GIVEN DATA –

————

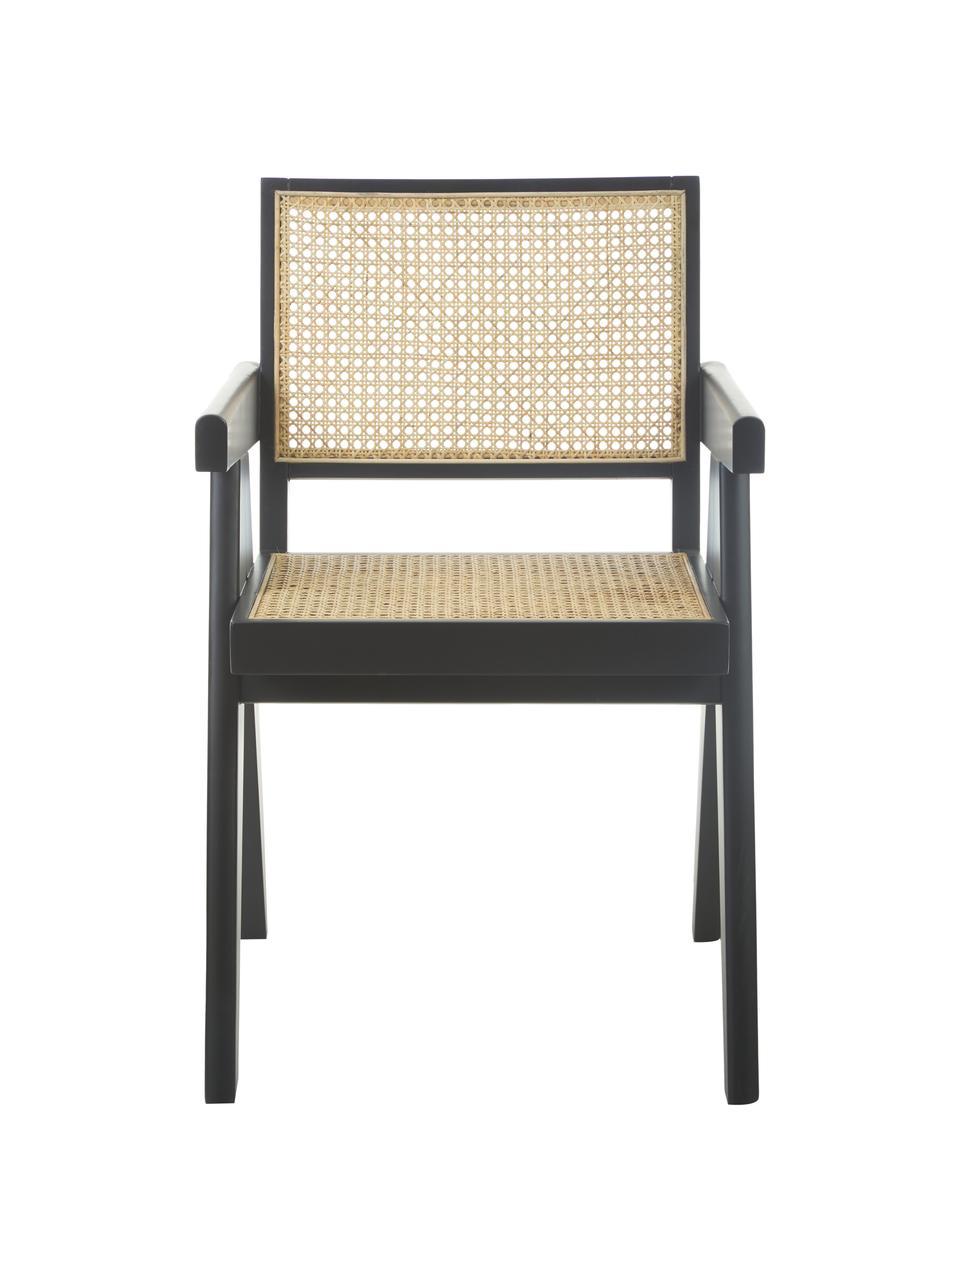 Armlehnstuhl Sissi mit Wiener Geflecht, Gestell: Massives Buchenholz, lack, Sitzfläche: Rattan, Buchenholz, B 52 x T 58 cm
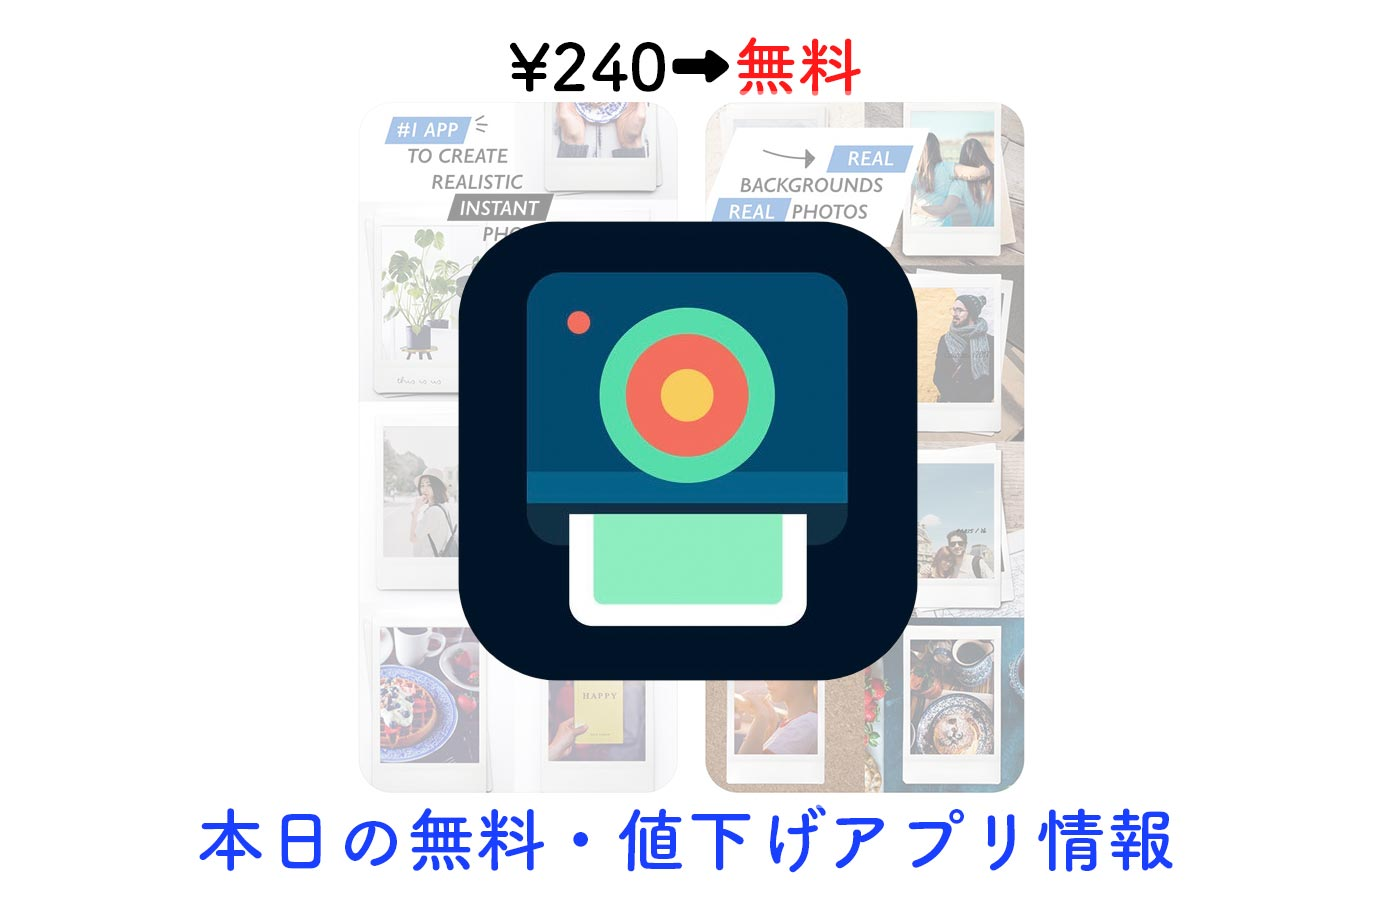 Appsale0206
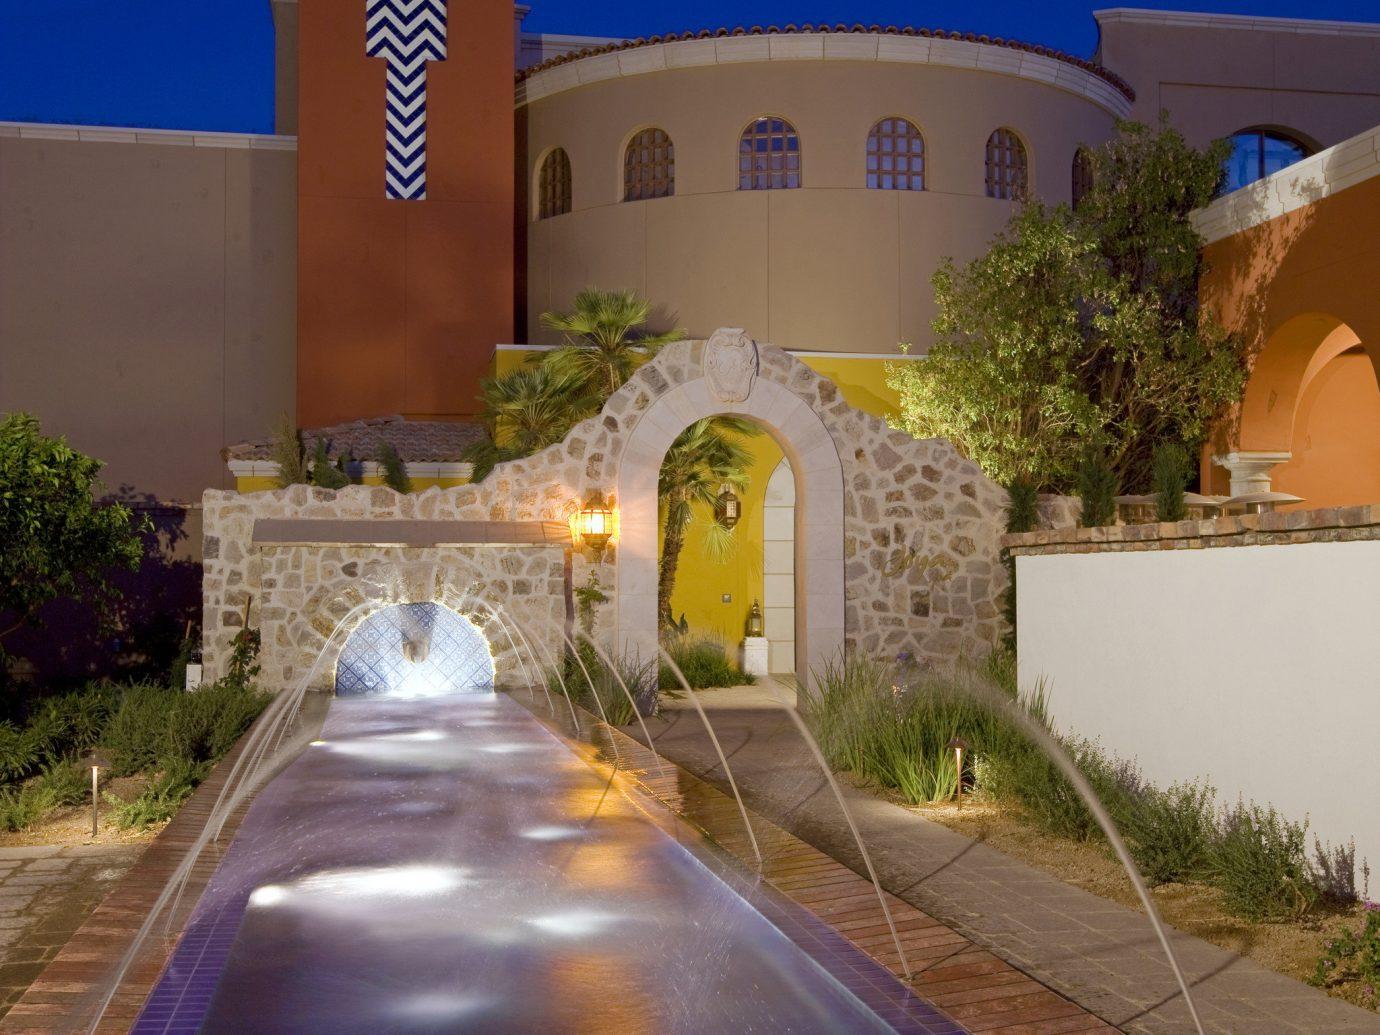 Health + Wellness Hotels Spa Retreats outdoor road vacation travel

————

DESCRIPTION OF THE TASK – In your copy of the listing, please omit the pictures and keep every word exact.

EXERCISE SOLUTION –
 Armlehnstuhl Sissi mit Wiener Geflecht, Gestell: Massives Buchenholz, lack, Sitzfläche: Rattan, Buchenholz, B 52 x T 58 cm
 Appsale0206
 Health + Wellness Hotels Spa Retreats outdoor road vacation travel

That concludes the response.